Plasmids used in this study

Plasmid Descriptiona Reference or source
pGSP218 2.2-kb BglII-PvuII fragment of pIJ101 cloned into pSP72 This study
pGSP218-L13 EcoRI linker inserted after nt 5723 This study
pGSP218-L58 EcoRI linker inserted after nt 5589 This study
pGSP218-L115 EcoRI linker inserted after nt 5417 This study
pGSP218-L263 EcoRI linker inserted after nt 4974 This study
pGSP218-L340 EcoRI linker inserted after nt 4742 This study
pGSP218-L388 EcoRI linker inserted after nt 4597 This study
pGSP218-L437 EcoRI linker inserted after nt 4451 This study
pGSP218-L531 Double EcoRI linker inserted after nt 4172 This study
pGSP218-L577 Double EcoRI linker inserted after nt 4031 This study
pGSP196 Tsrr transfer-defective derivative of pIJ101 22
pSP72 Ampr cloning vector Promega
pSP72X pSP72 deleted for all sites in polylinker except XhoI This study
pHYG3 Hygr wild-type pIJ101 derivative 22
pHYG3-L13 pHYG3 with L13 insertion This study
pHYG3-L58 pHYG3 with L58 insertion This study
pHYG3-L115 pHYG3 with L115 insertion This study
pHYG3-L263 pHYG3 with L263 insertion This study
pHYG3-L340 pHYG3 with L340 insertion This study
pHYG3-L388 pHYG3 with L388 insertion This study
pHYG3-L437 pHYG3 with L437 insertion This study
pHYG3-L531 pHYG3 with L531 insertion This study
pHYG3-L577 pHYG3 with L577 insertion This study
pHYG3-L595 pHYG3 with L595 insertion This study
pSP72X:pHYG3 pHYG3 with pSP72X at XhoI This study
pSP72X:pHYG3-L13 pSP72X:pHYG3 with L13 insertion This study
pSP72X:pHYG3-L58 pSP72X:pHYG3 with L58 insertion This study
pSP72X:pHYG3-L115 pSP72X:pHYG3 with L115 insertion This study
pSP72X:pHYG3-L263 pSP72X:pHYG3 with L263 insertion This study
pSP72X:pHYG3-L340 pSP72X:pHYG3 with L340 insertion This study
pSP72X:pHYG3-L388 pSP72X:pHYG3 with L388 insertion This study
pSP72X:pHYG3-L437 pSP72X:pHYG3 with L437 insertion This study
pSP72X:pHYG3-L531 pSP72X:pHYG3 with L531 insertion This study
pSP72X:pHYG3-L577 pSP72X:pHYG3 with L577 insertion This study
pSP72X:pHYG3-L595 pSP72X:pHYG3 with EcoRI linker inserted after nt 3977 This study
pIJ303 Tsrr wild-type pIJ101 derivative 14
pIJ303-K22 pUC19 inserted into spdB on pIJ303 12
pHYG3-K22 K22 pUC19 insertion on pHYG3 This study
pUC19 Ampr cloning vector 29
a

Hygr, Tsrr, and Ampr, resistance to hygromycin, thiostrepton, and ampicillin, respectively. nt, nucleotide. Positions are according to the sequence of Kendall and Cohen (11). 

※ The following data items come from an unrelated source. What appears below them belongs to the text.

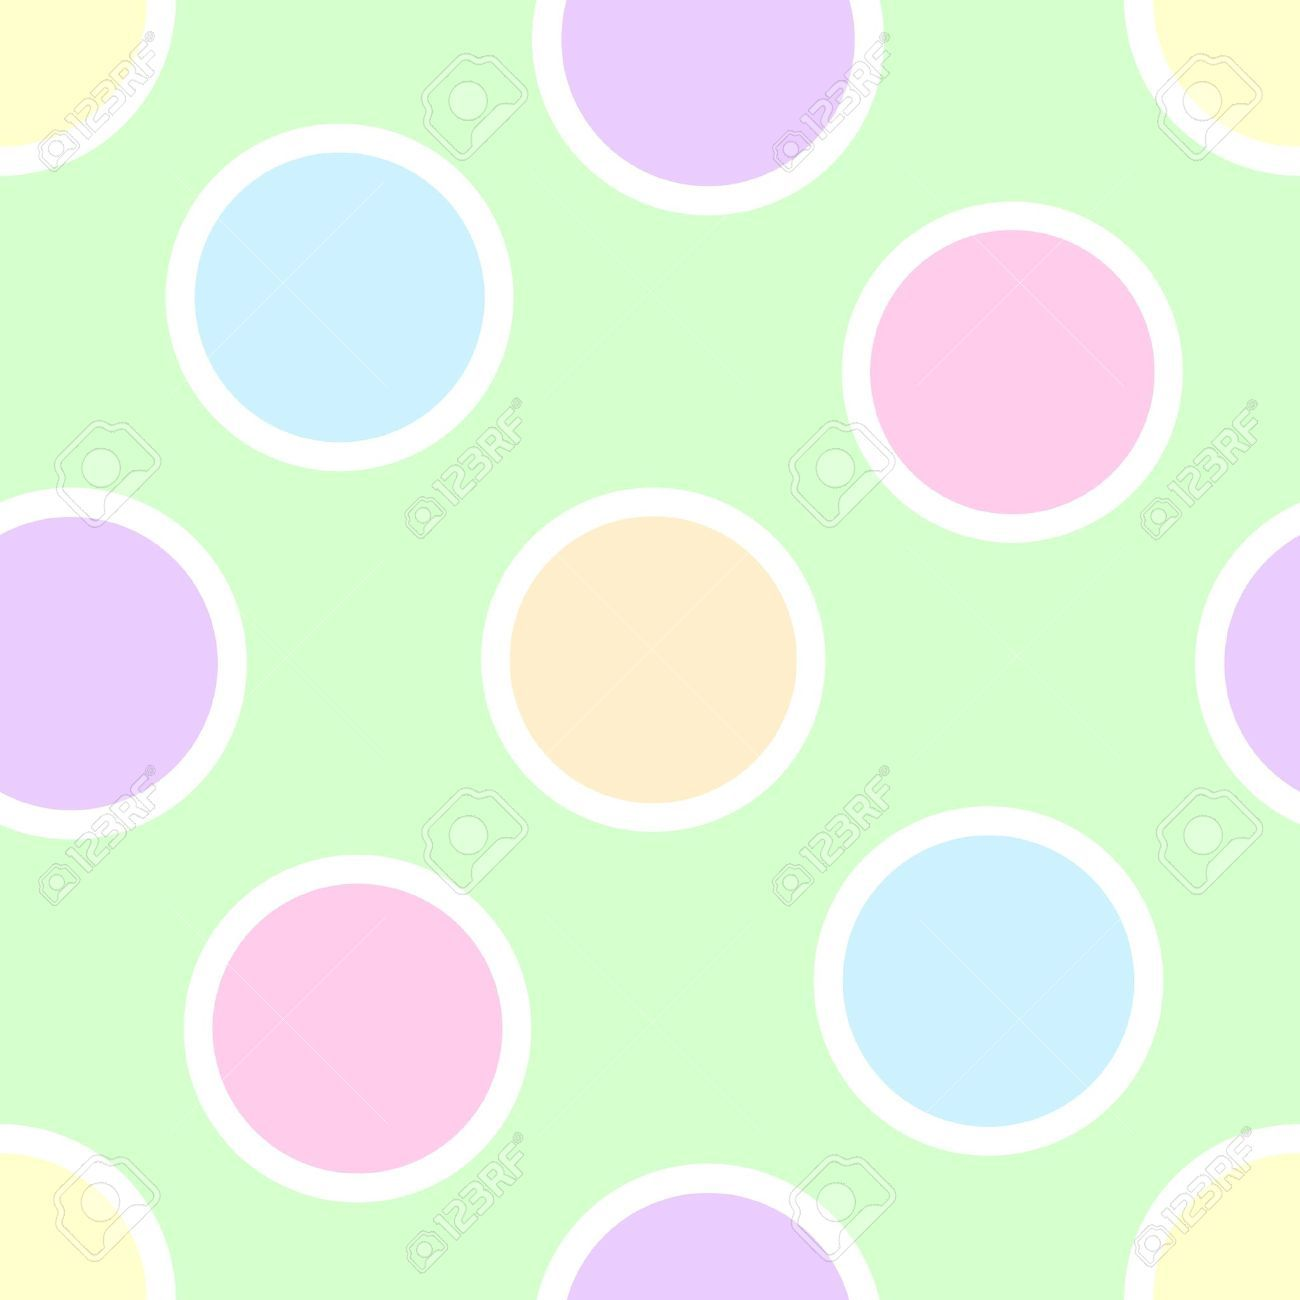 Pastel Rainbow Polka Dot Background Google Search Polka Dots Wallpaper Rainbow Polka Dots Polka Dot Background
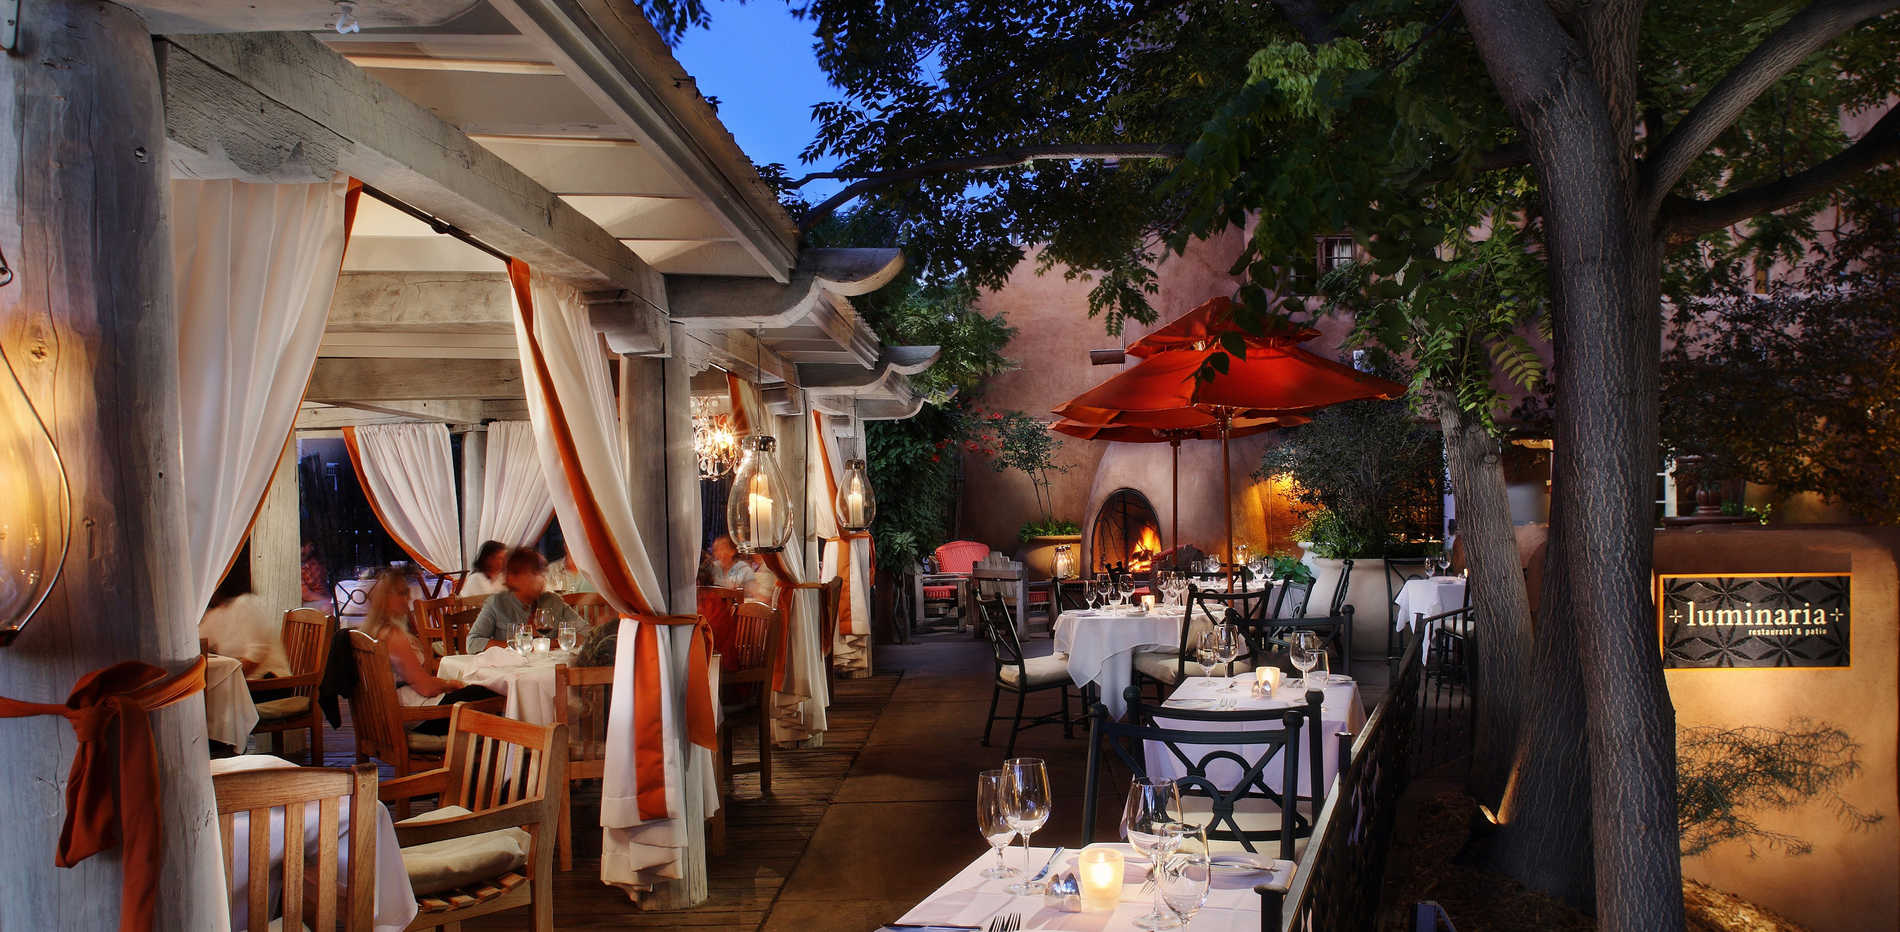 Top-Loretto-Santa-Fe-Hotel-Luminaria-Patio1.jpg
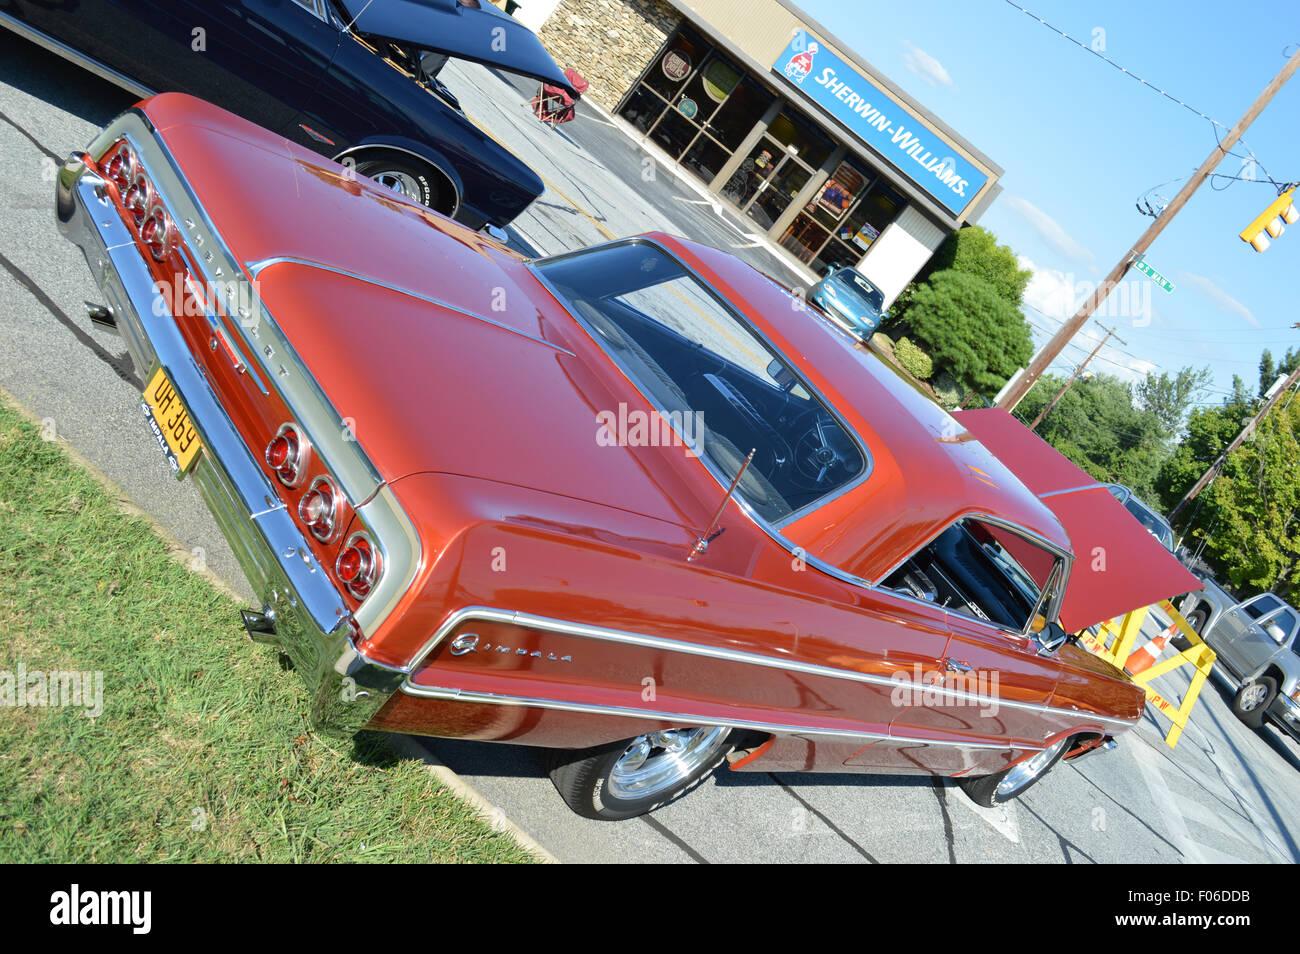 A 1964 Chevrolet Impala Hard Top car. - Stock Image

Molecular biology and genetic techniques.

Cloning using standard molecular techniques was performed as described previously (23). Nucleotide sequencing using relevant primers was performed manually using α-35S-dATP and Sequenase, version 2.0 (U. S. Biochemicals, Cleveland, Ohio), or by automated sequencing on a model 310 genetic analyzer (PE Applied Biosystems Inc., Foster City, Calif.).

Replica plate testing for plasmid transmission was based on the method of Kosono et al. (15). Here, spores of TK23 containing individual pHYG3 linker derivatives were pipetted in a thin line onto a lawn of TK64 spores present on R2 containing 0.1% yeast extract plates. Upon sporulation, spores were replica plated to the same agar containing 200 μg of hygromycin and 50 μg of streptomycin/ml, and, following incubation for 42 h, the maximum width of growth from the original donor line was determined. The results shown are the averages from three independent assays.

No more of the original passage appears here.